Problem details>
Among the entries that follow, find every line with the word "Yellow" and copy it.

Given information>
──────────────────────────────
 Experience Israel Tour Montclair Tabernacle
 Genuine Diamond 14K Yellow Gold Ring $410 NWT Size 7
──────────────────────────────
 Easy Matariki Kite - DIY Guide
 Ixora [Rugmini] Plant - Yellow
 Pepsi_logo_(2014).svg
──────────────────────────────
Solution for this exercise>
 Genuine Diamond 14K Yellow Gold Ring $410 NWT Size 7
 Ixora [Rugmini] Plant - Yellow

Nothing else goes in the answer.